The required output is the line with "Osoba oglądająca film" plus all lines that follow it to the end of the listing below, written out exactly, with no pictures.

### SOURCE DATA
########################################
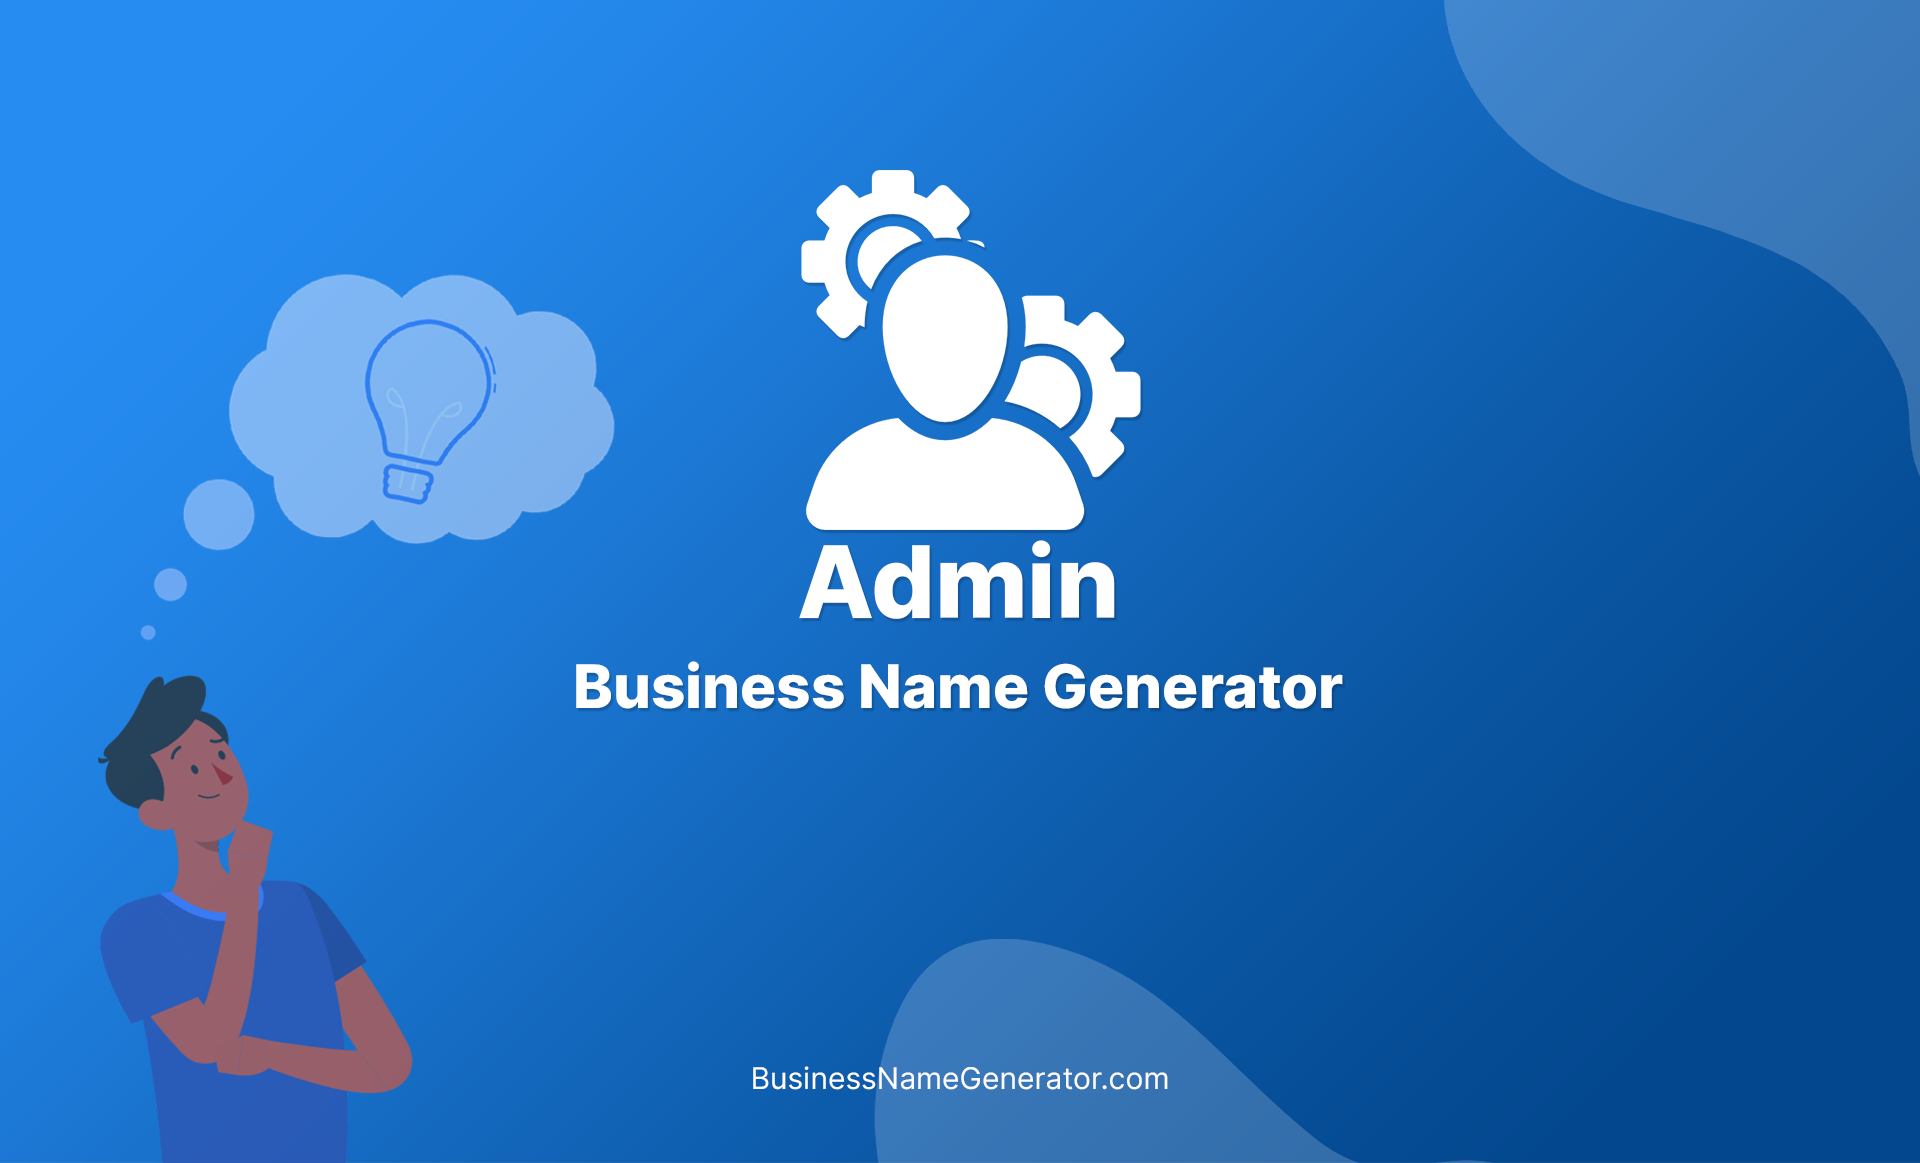 Admin Business Name Generator
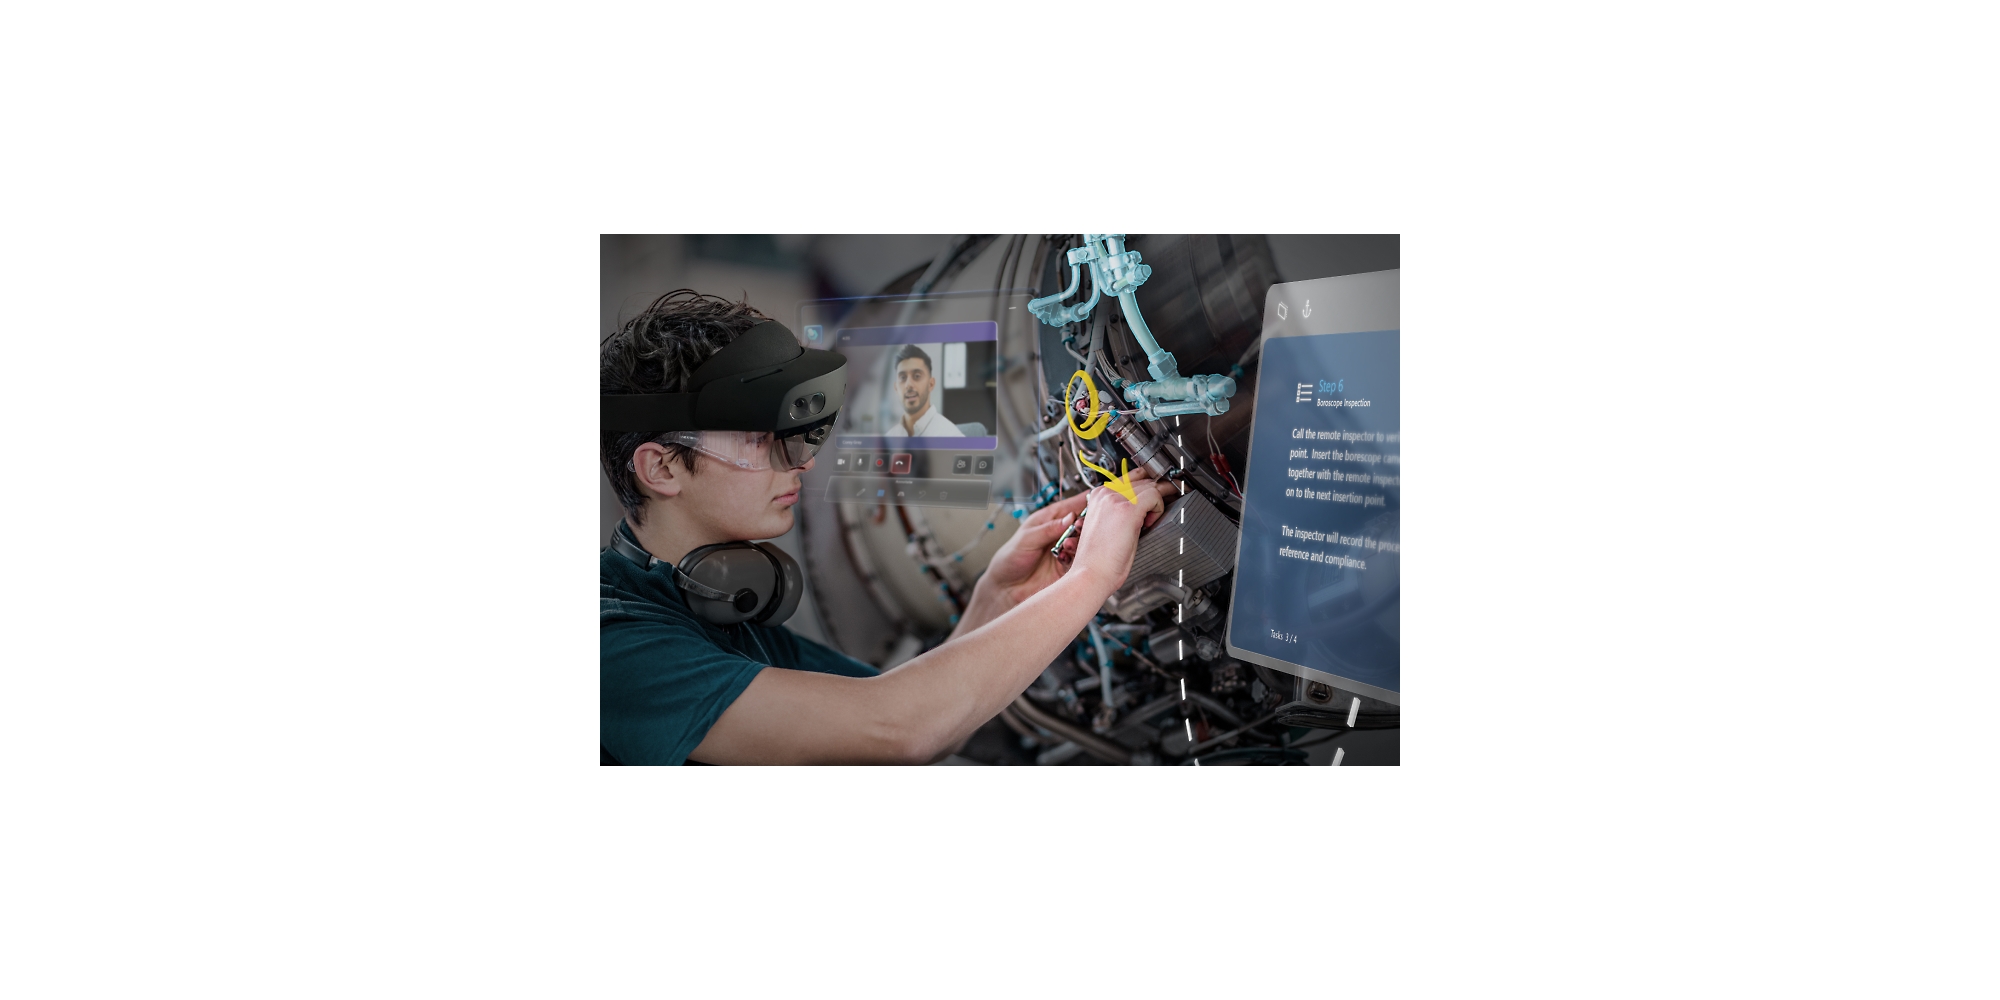 Osoba oglądająca film instruktażowy przy użyciu gogli HoloLens 2 podczas naprawiania maszyny.
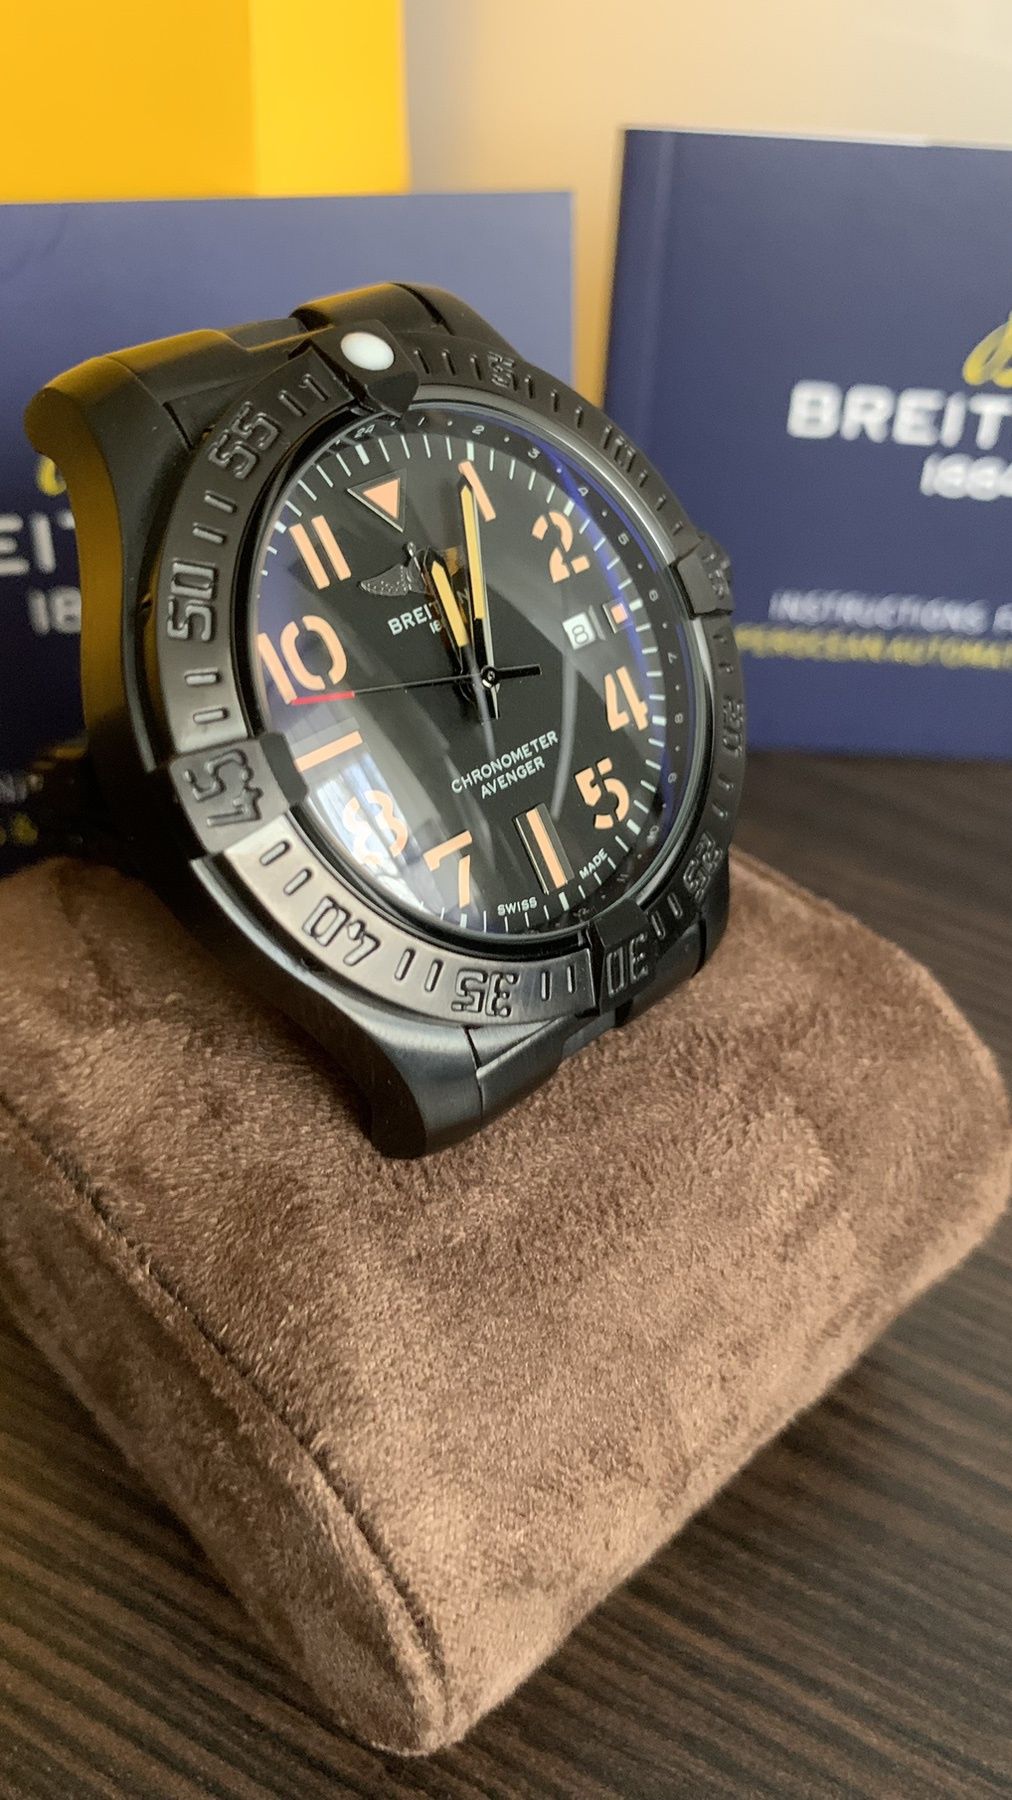 Breitling Avenger chronometr night mission
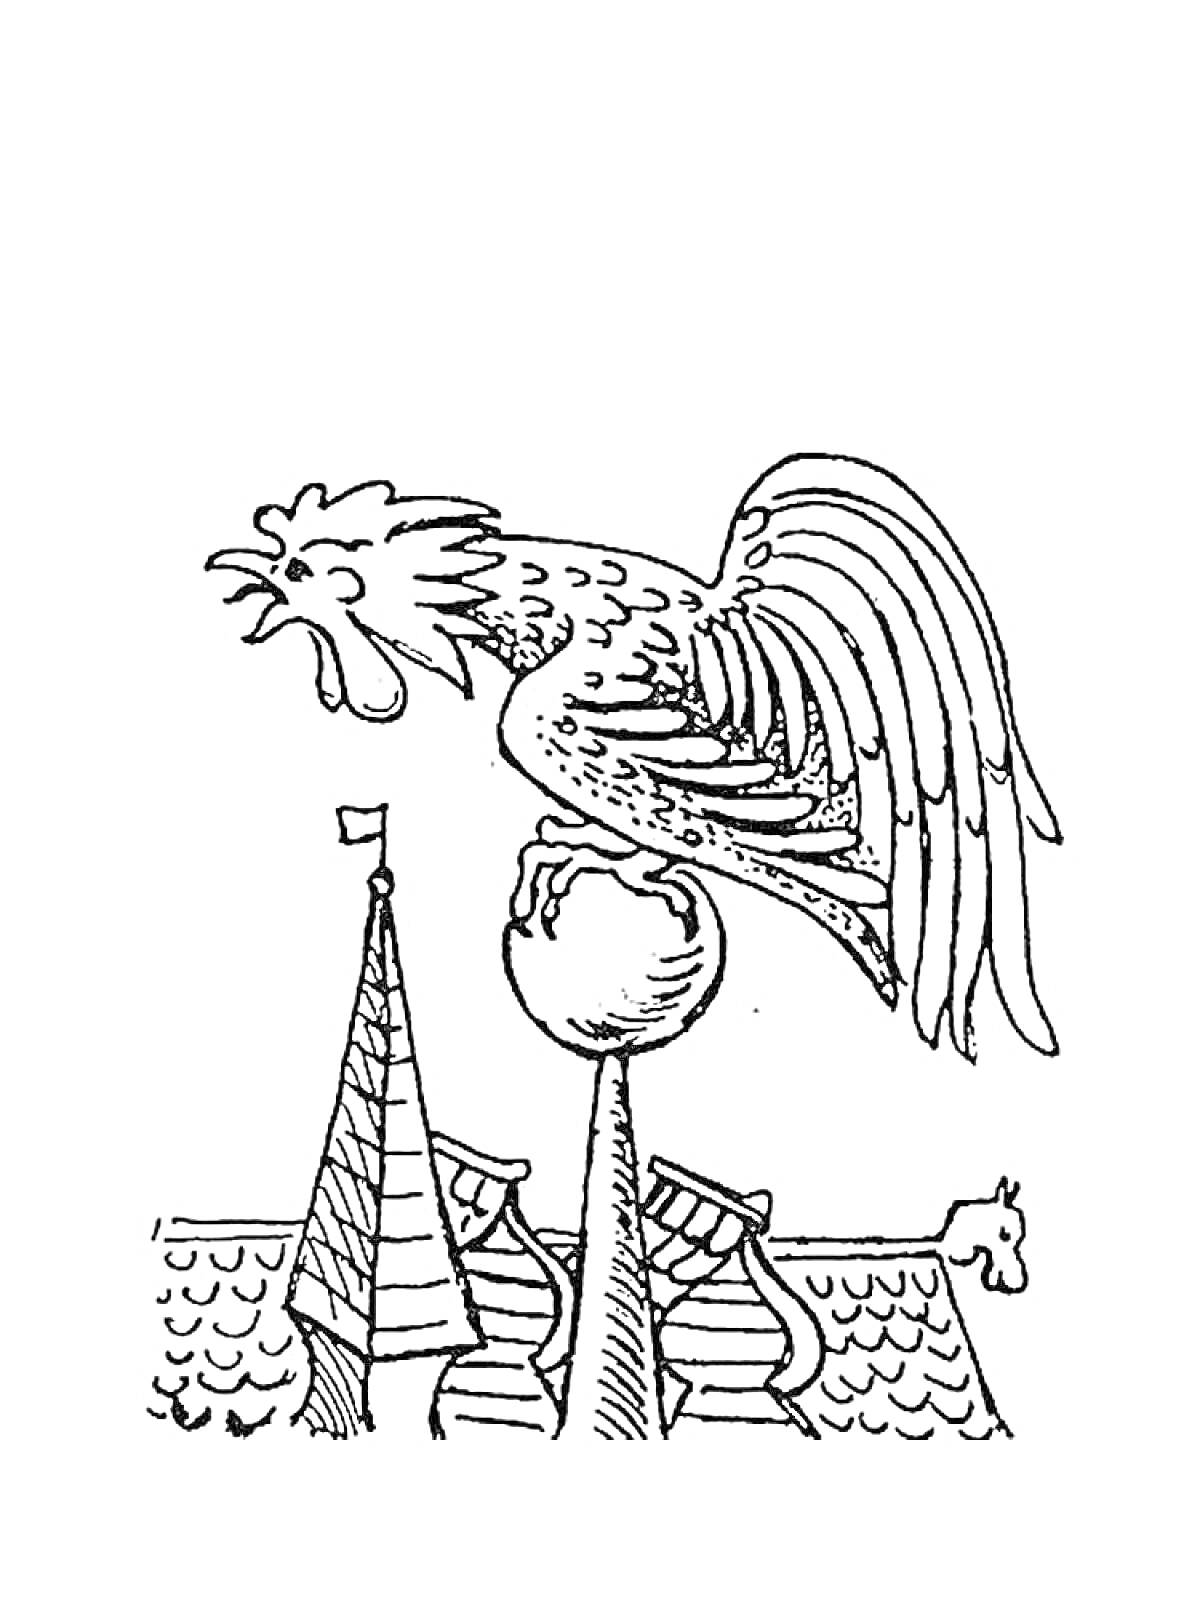 Петушок на шпиле, крыша с флюгером и черепицей
########################################
### REPLY
 Osoba oglądająca film instruktażowy przy użyciu gogli HoloLens 2 podczas naprawiania maszyny.
 Breitling Avenger chronometr night mission
 Петушок на шпиле, крыша с флюгером и черепицей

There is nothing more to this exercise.